How Do We Like Him Now?

I don’t like a couple of my doctors. One is a stuffed shirt and the other a martinet, but based on their education, training, and experience I trust their judgment.  They probably don’t like me either, but I don’t owe them money, so it’s a win for both of us.

I am surprised when people risk their wellbeing and select those who serve them based on likability as opposed to qualifications. Yet, isn’t this exactly what happened during the 2016 election? When did we reach the point in our culture where we valued likability over capability?

Likability was the focus during the 1952 election, with “I Like Ike” campaign slogan. Unlike our current Republican leader, Ike took a firm stand against mob rule, risking his favorable likability rating.

Likability wasn’t a factor until Hillary Clinton ran against you know who. Voters chose a snake oil salesman, with no qualifications to lead anything but organized crime, over a woman who was eminently qualified to be president, because they didn’t like her.

The 2016 election results were further proof of Russian influence via the Vladimir Lenin quote, “Show me who your friends are, and I’ll tell you what you are.” Fox and Friends and Trump and friends reinforce this adage. The past three years of revolving door appointments and subsequent resignations are the result of choosing spin over substance.

Maybe next time we will consider someone who has demonstrated a capacity for caring and compassion over the recommendation of a two-bit street preacher.
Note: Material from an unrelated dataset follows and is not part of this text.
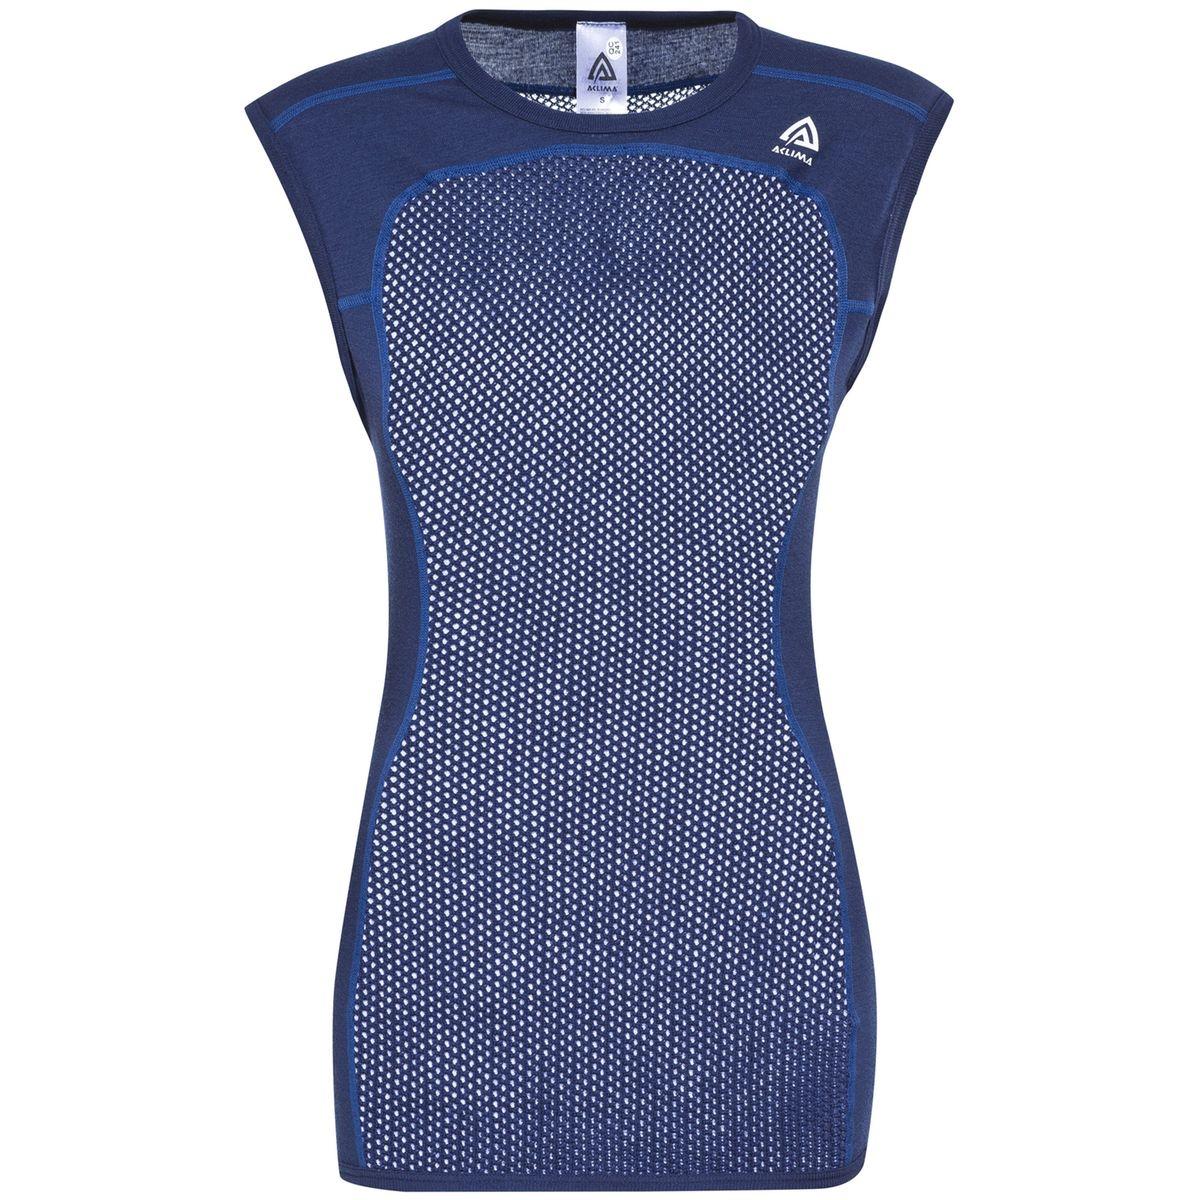 Coolnet - Sous-vêtement - bleu

Maybe next time there is an election logic will prevail. There’s not much that’s positive about likability these days.

Maybe Dogs Don’t Like Trump Either

Am I the only person who wonders why the current occupant of the oval office doesn’t have a dog? This is an American tradition.
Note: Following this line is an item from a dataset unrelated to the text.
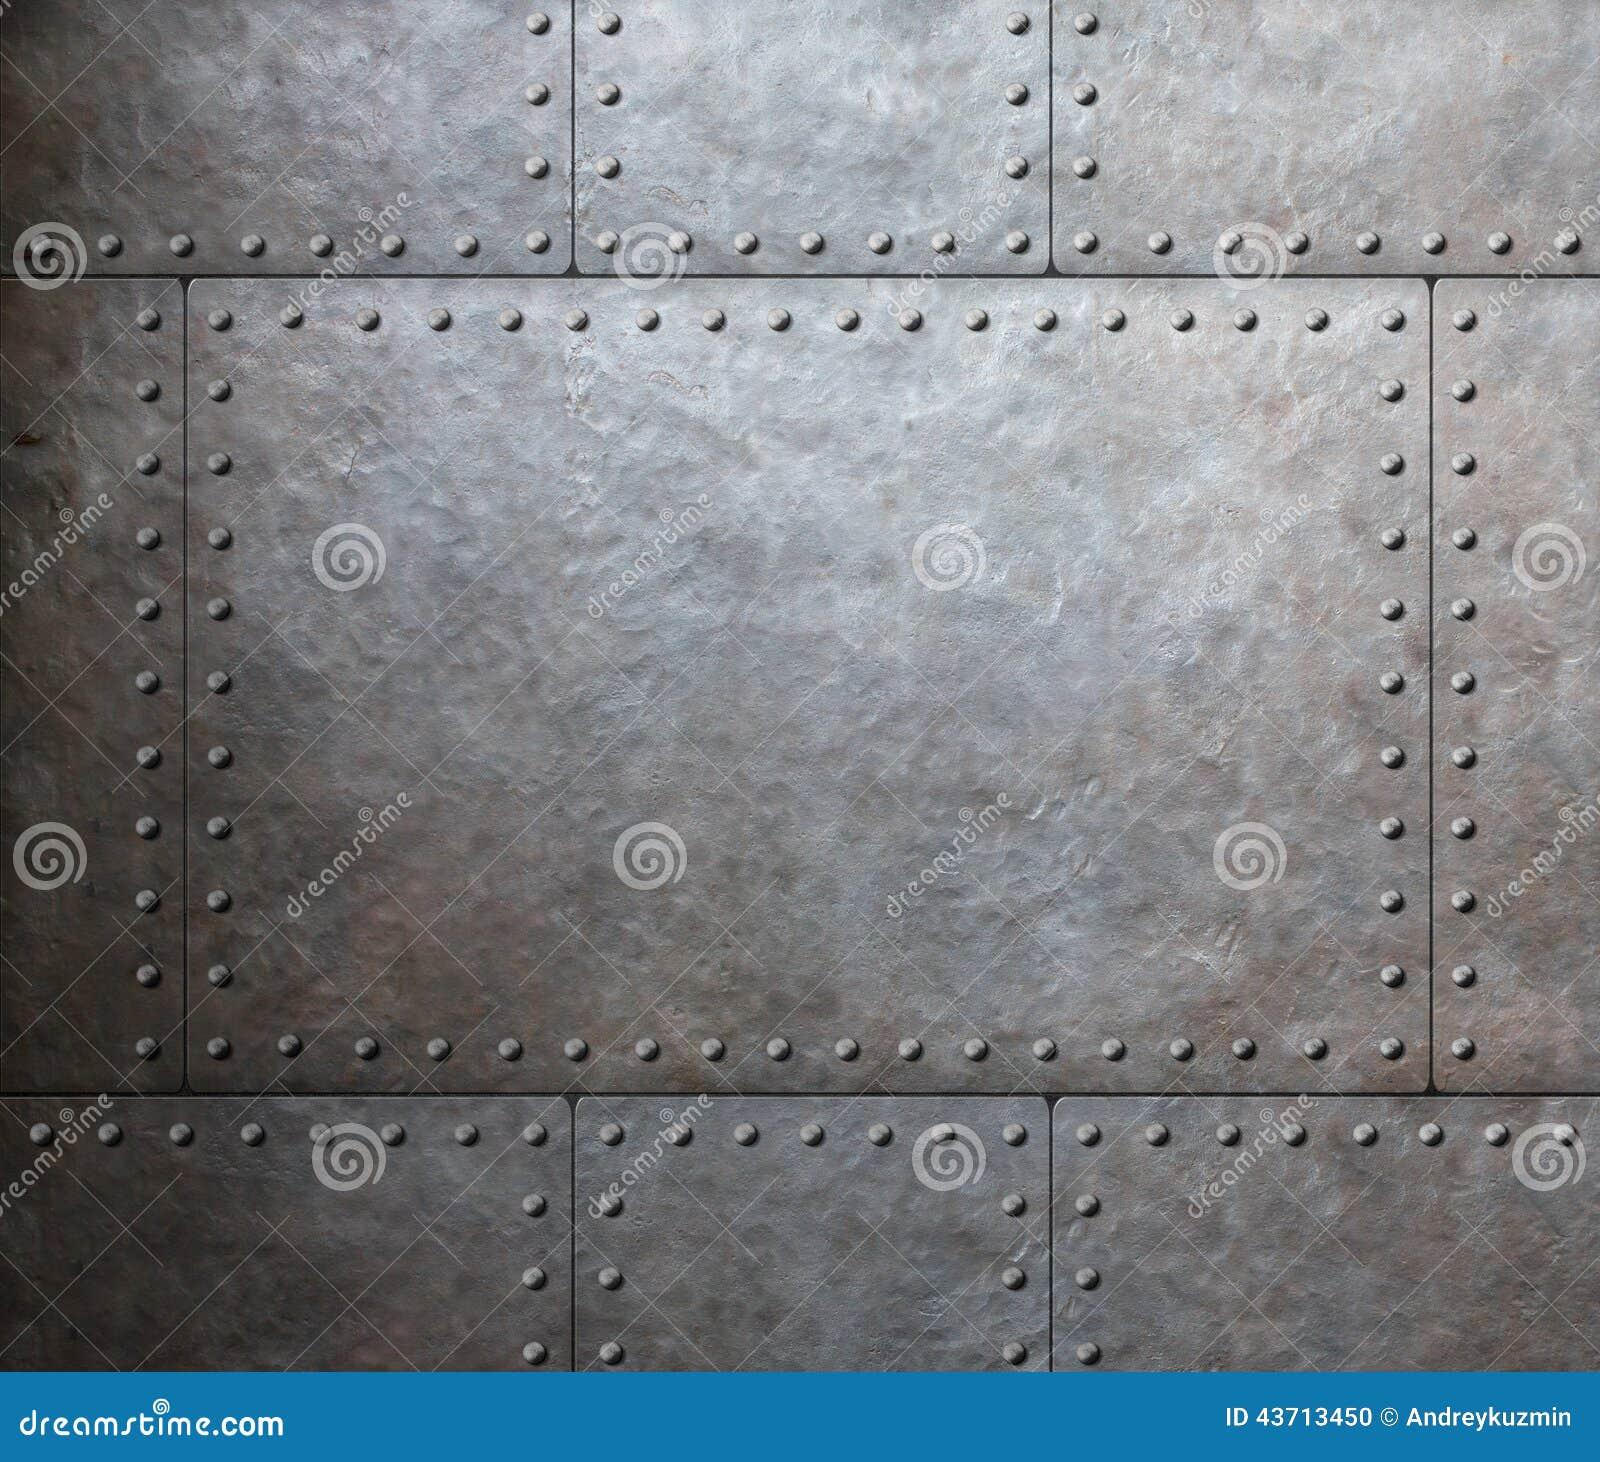 metal armor plates background stock photo

Many of the past presidents had dogs. The Obama’s had Bo, Bush 2 Barney and Bush 1 Millie. Who can forget LBJ’s beagles? Even that nasty Nixon, had Checkers (the dog died before Nixon became President and was spared any association with Watergate.) The Kennedys dog, Pushinka was a gift from Premier Khrushchev.

We have some clues about what Trump may have given Putin, but why did Putin not follow the tradition of Premier Khrushchev and present the Donald with a dog?

The other curious thing is nothing is ever written about Trump enjoying quality time with his near and dear. (Given his history, there may be a good reason for not publicizing those he considers near and dear.)

Maybe his family doesn’t like him either. Could it be he is the male counterpart of “Mommy Dearest” or perhaps the Trump dynasty is more like the “Running with Scissors” family.

Aside from photos of him and a stony-faced Melania with clenched jaw and angry eyes, there is no hint of any sort of connection. You never read about Kennedy-type picnics and touch football games or photo ops like Obama with his girls at a bookstore.

Trump does not have a dog. One cannot say with any degree of certainty that Trump doesn’t like dogs; I’m betting it is more like dogs don’t like him.

If you want to know the true character of an individual, put a dog in the room with that person. Dogs have higher standards than many humans and refuse to have anything to do with flawed individuals. There is no greater endorsement of personal character than the devotion of a dog.

The Democrats should invite a dog to their house hearings of the Trump crime family. I’ll bet their stonewalling shenanigans would stop in a hurry.

You can’t stonewall a dog.

Note: For a different take on current events. Check it out.

Could Thelma and Louise Run Our Country?

If you ask most people, they would say personality traits and interests are the ties that cement relationships. I believe it’s the opposite.

I’d be bored to death if I had to spend time with someone who is just like me. I have proof of my theory.

One of my most cherished buds is nothing like me; and as far as I can tell she enjoys my company.

She is the voice of reason and measured responses.

In my case, the filter on my mouth comes loose and takes off on its own.

She has a Master’s degree but doesn’t flaunt it.

I have some college; am a lifelong smart aleck and occasionally embarrass myself.

We enjoy the same books and some of the same movies. She is a romantic with a bent toward nostalgia. I prefer HBO— off the wall drama. Nostalgia rarely visits me.

She is a social whirling dervish. I can be happy at home for days on end.

I’ve come to believe she is the angel that sits on my shoulder and I am the devil that occupies real estate on hers.

Most people would never suspect that my devil tugs on her ear at times. On rare occasions, her angel holds her nose and performs a quick fly-over to me.

Someone referred to us as Thelma and Louise. They nailed it—that’s us.   I’m Louise. My bud is nowhere as meek as Thelma. So far, as I know, she has never visited a bar.

I haven’t visited a bar recently, but if I did; and if she happened to tag along and some man tried to assault her, I wouldn’t kill him, but I’d make sure he wished he was dead.

I’m too much of a coward to drive off a cliff and my friend would never agree to that. We might consider putting the assailant in the car and letting him take a ride off a cliff, but I don’t think we’d follow through.  For all our differences the thing my friend and I have in common is a similar value system; caring and compassion.

The current division in our country isn’t as much about our differences as it is about the trickle-down, low-down, break-down of values demonstrated by the current occupant of the white house.